Walker did the most sensible thing. He hurried up to the house on the hill where dwelt the owner of Redmire Pool and asked to use his phone. He contacted the Zoo authorities and with commendable speed they sent down a van from London. The carp was lifted from the pool, sack and all, and placed in a wooden tub in the back of the van and so it went to the London Zoo, to the Aquarium, where two stalwart officials were waiting for it. It arrived at two in the morning.

So any time you want to see the "one that did not get away," go to the Aquarium in the London Zoo and ask to see Richard Walker’s 44 lb. carp. It's name, by the way, is "Ravioli," but why it is so called I cannot tell you here.

For Walker the capture of such a record was indeed well deserved. For a number of years he and I have been fishing for carp and studying their ways.

We have formed the most exclusive club in the world, the Carp Catchers' Club, which is limited to ten members.

Each member has caught a giant carp (one of the conditions of membership)—it is a more select club than the Houghton Club ever was on the Test.

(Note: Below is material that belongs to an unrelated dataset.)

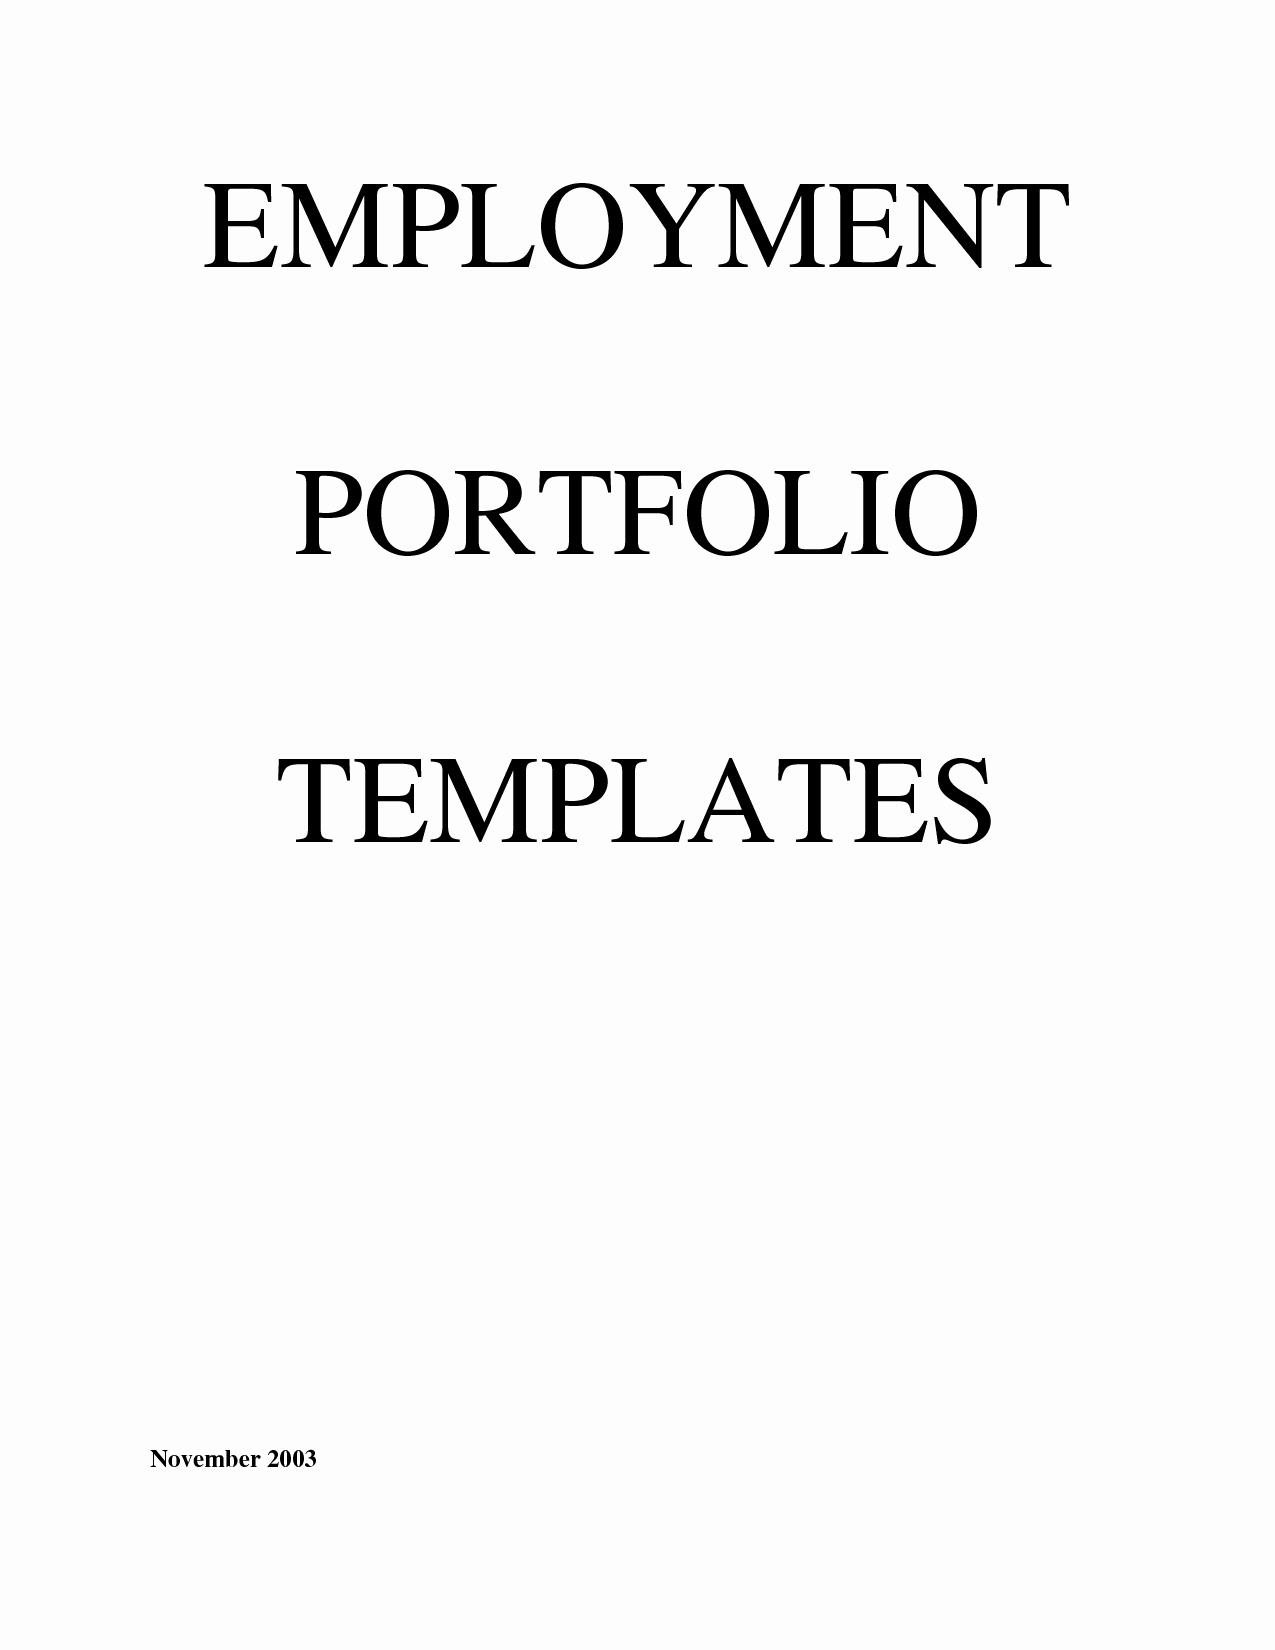 Portfolio Cover Page Template Elegant Best S Of Portfolio Cover Page Template Career

And our record for 1952 is no mean one. Four carp over 20 lb. have been caught by its members this past season, and the weights are as follows: 44 lb., 28 lb. 10 oz., 24 lb. 12 oz, 22 lb. 12 oz.—the 28 lb. fish coming from the same pool as the record.

One interesting point emerges from the capture of this historic fish. An expert to whom one of its scales was sent said that it was 15 years old and was still growing steadily. It is known when these carp were put in the lake, approximately twenty years ago, so that the original fish, if still alive, must be at least 5o lb. and possibly nearer 60 lb. I have seen a carp which jumped one night at Redmire Pool which must have been one of these original fish, and nobody yet knows to what weight these amazing creatures will attain.

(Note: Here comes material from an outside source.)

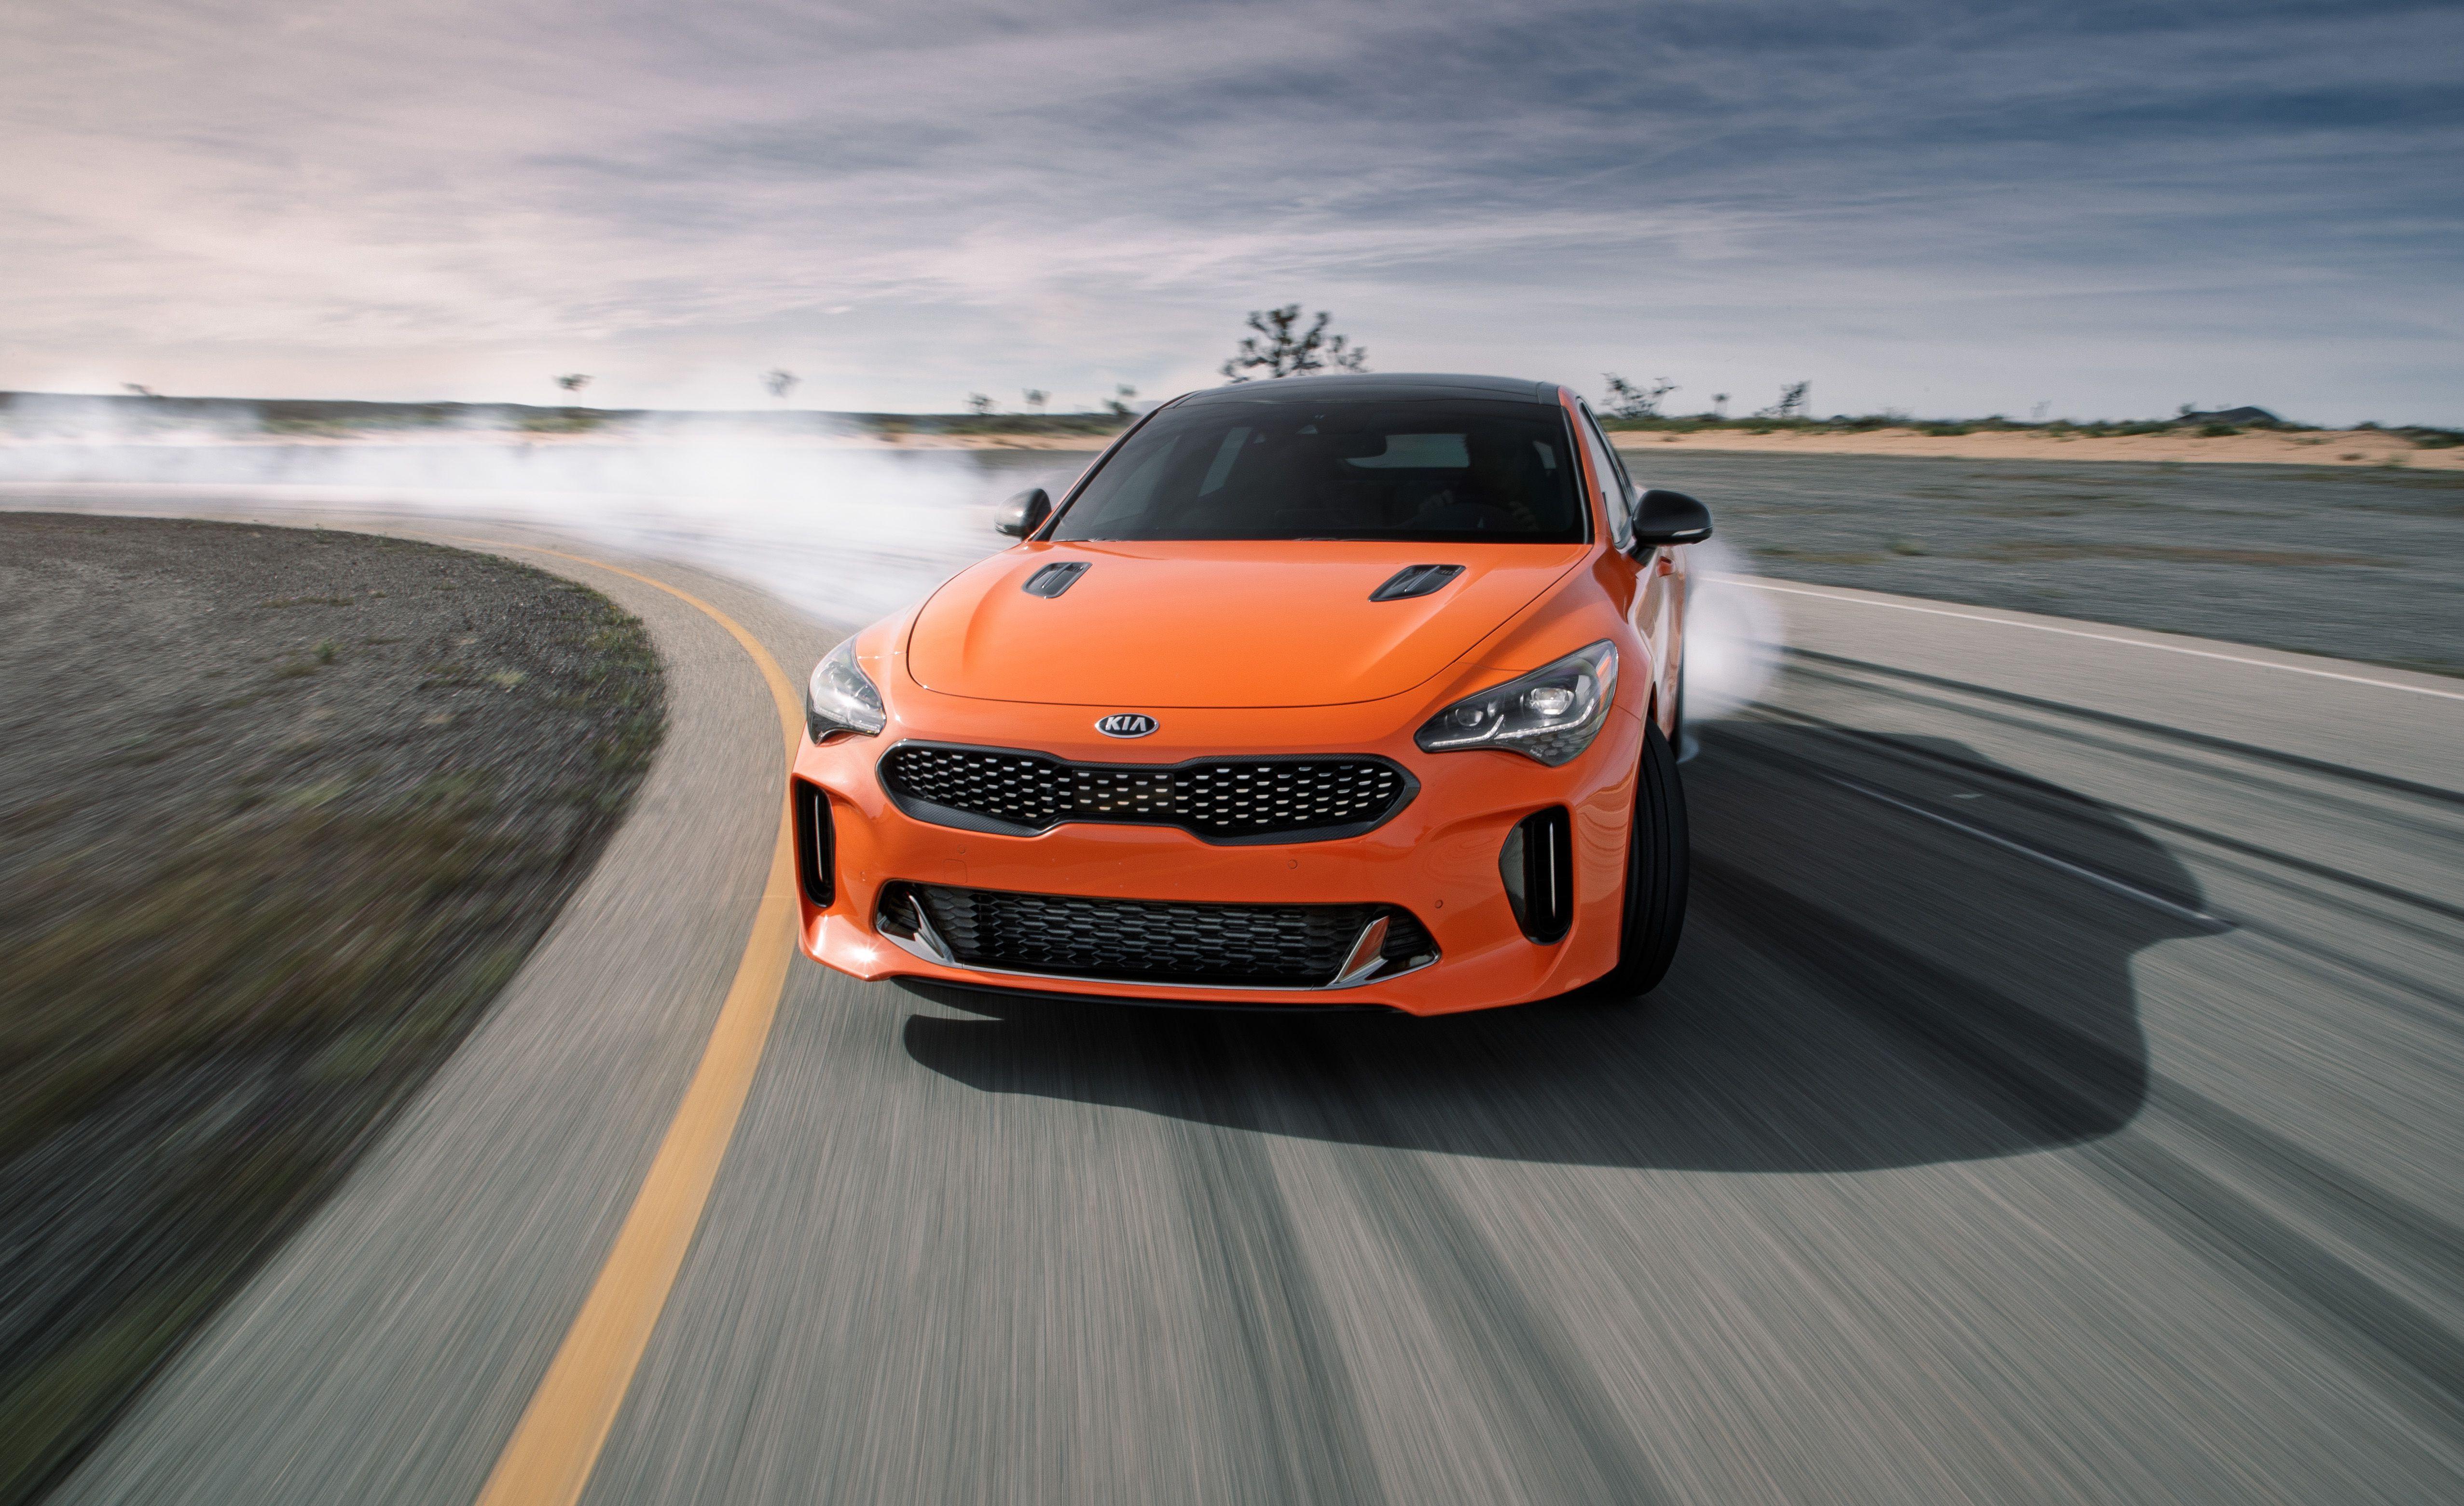 2020 Kia Stinger Gts Is An Orange Special Edition With A Drift Mode Up Its Sleeve Kia Stinger Kia Motors Kia

Perhaps the Carp Catchers' Club (of which I have the honour to be President) will have further surprises in store for the angling fraternity next season. We shall see.

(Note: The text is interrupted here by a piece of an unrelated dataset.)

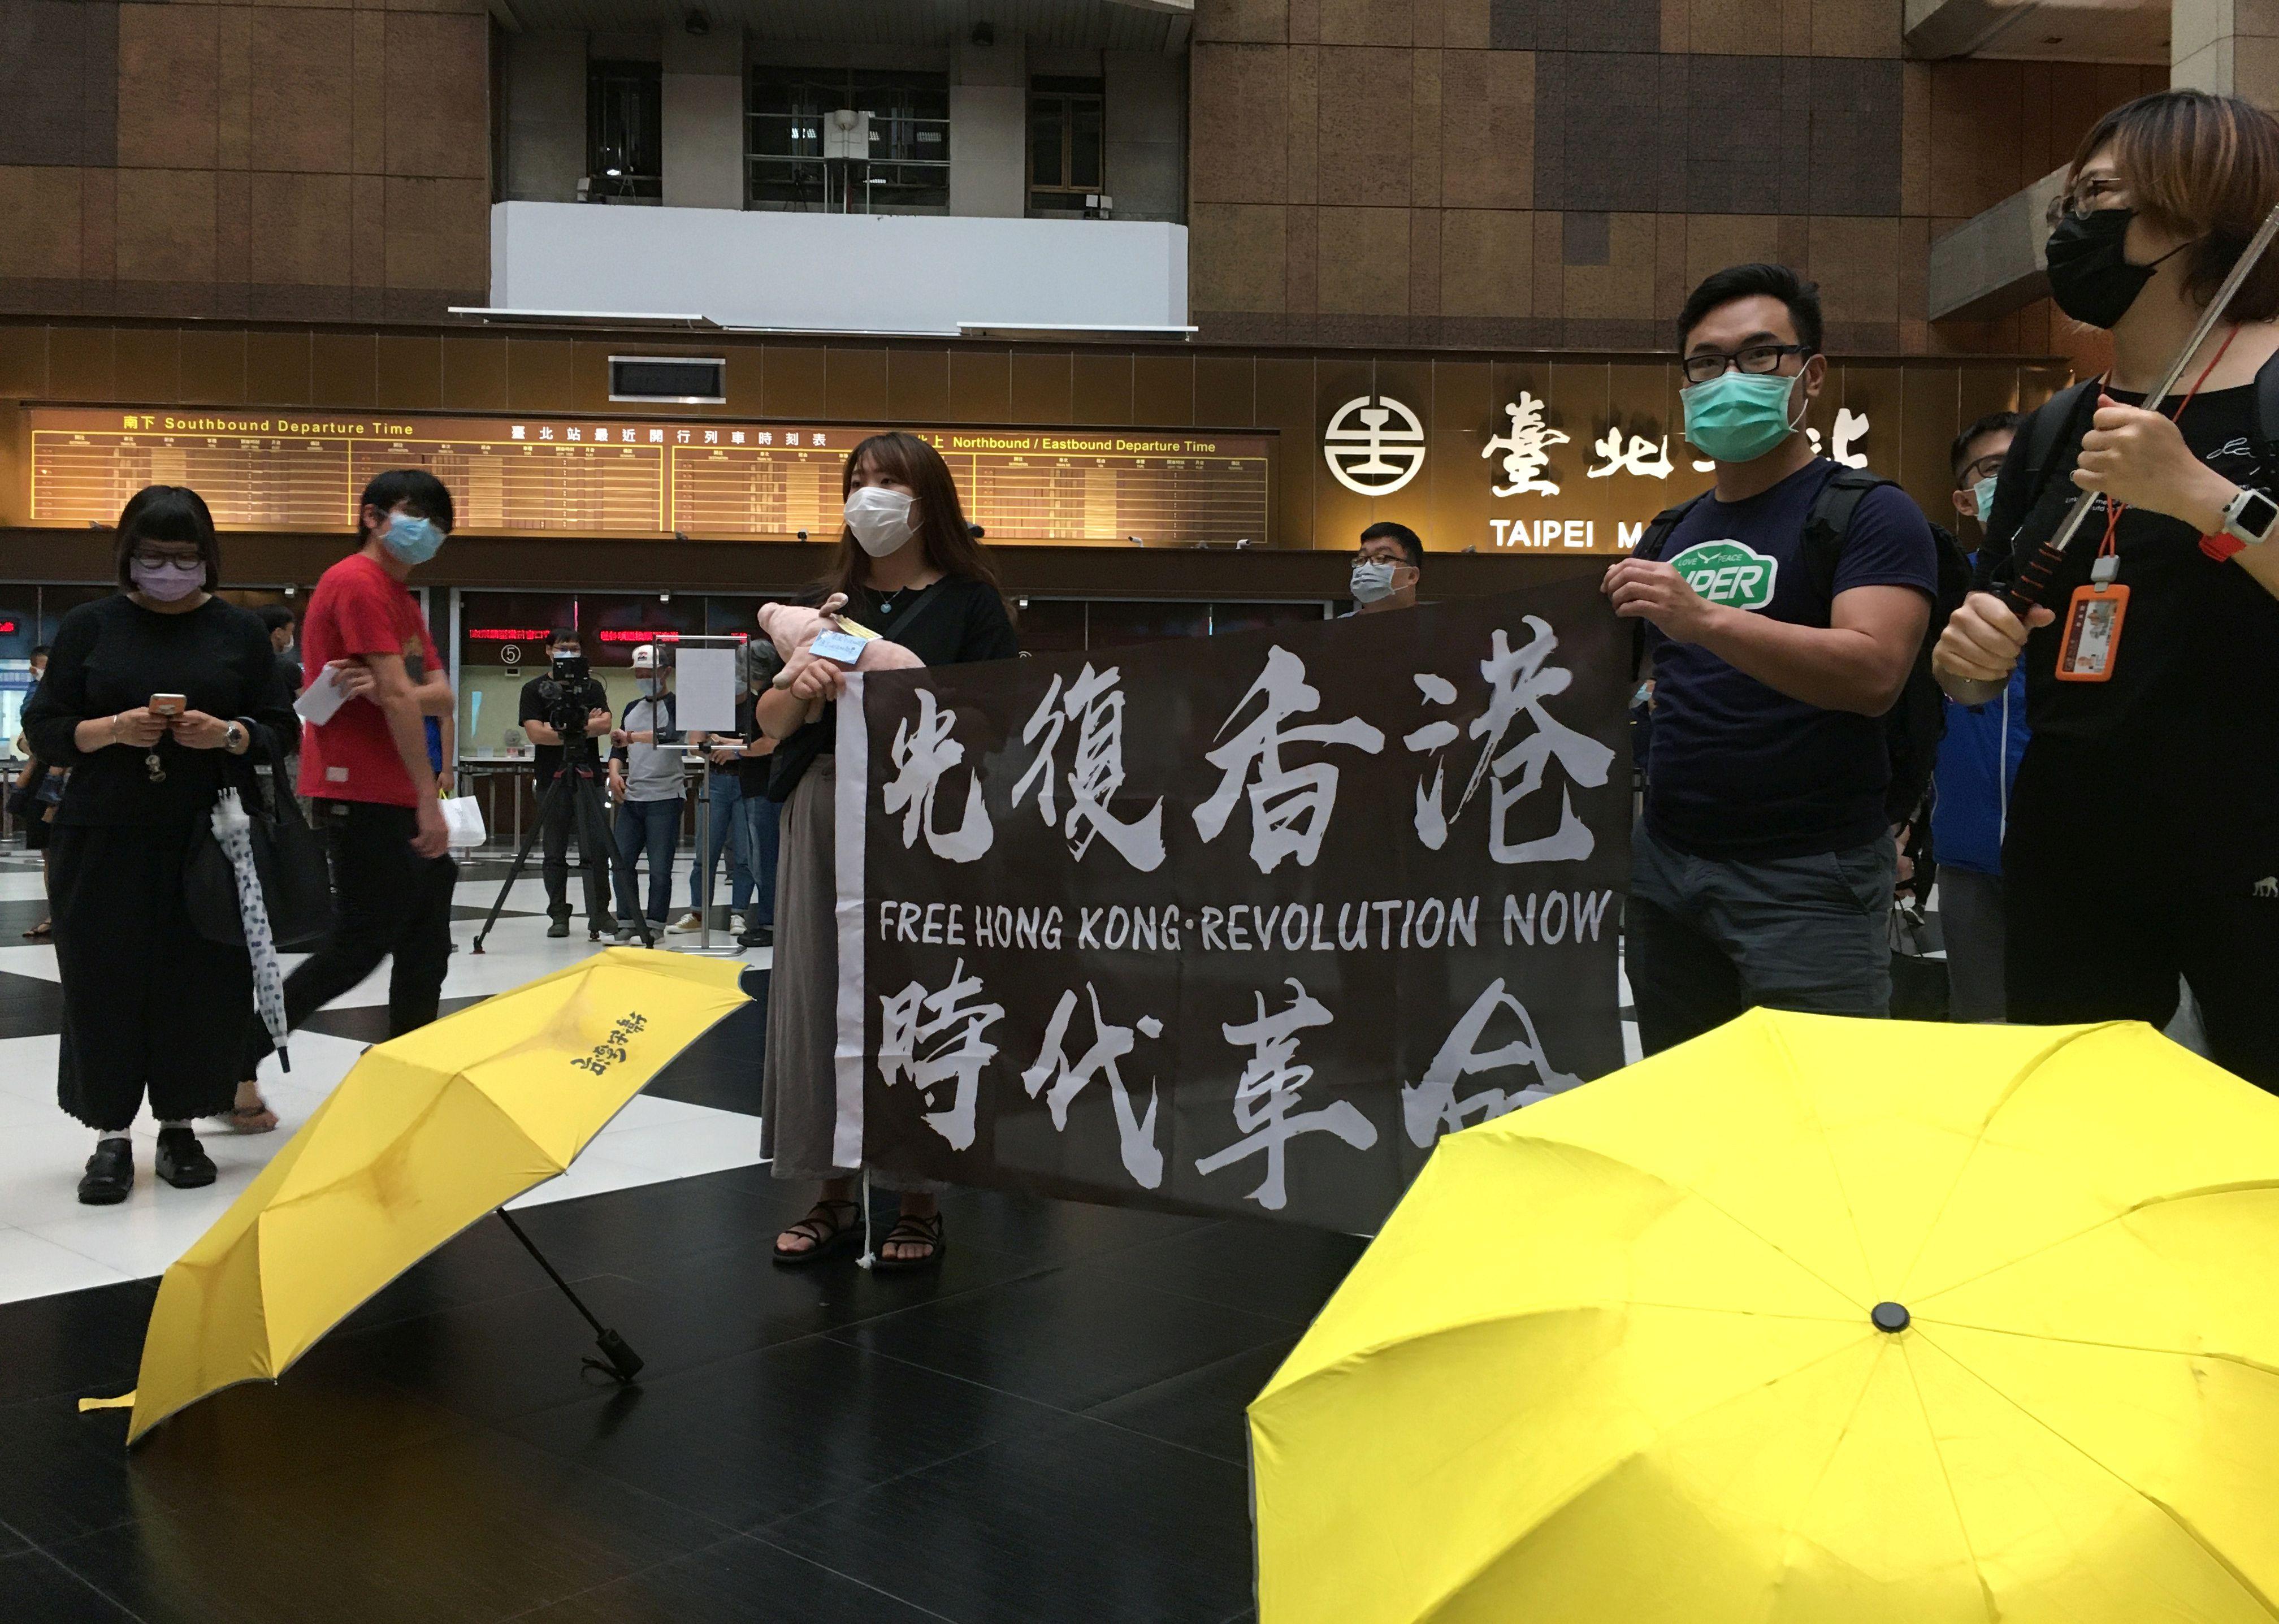 Protestantes de Hong Kong exhiben afiches en favor de la libertd

The latest report on the great fish comes from Dr. Harrison Matthews, of the London Zoo. At the time of going to press, the carp, is still convalescing in a darkened tank and receiving treatment for minor injuries he received in the excitement of his capture. But he is now making good progress, and the Zoo hopes that he will be on show to his public very shortly. Any reader wishing to pay his or her respects to the fish is therefore reminded to make inquiries at the Zoo before making a special pilgrimage to the Aquarium. He is worth seeing. Dr. Matthews describes him aptly as looking like a small pig.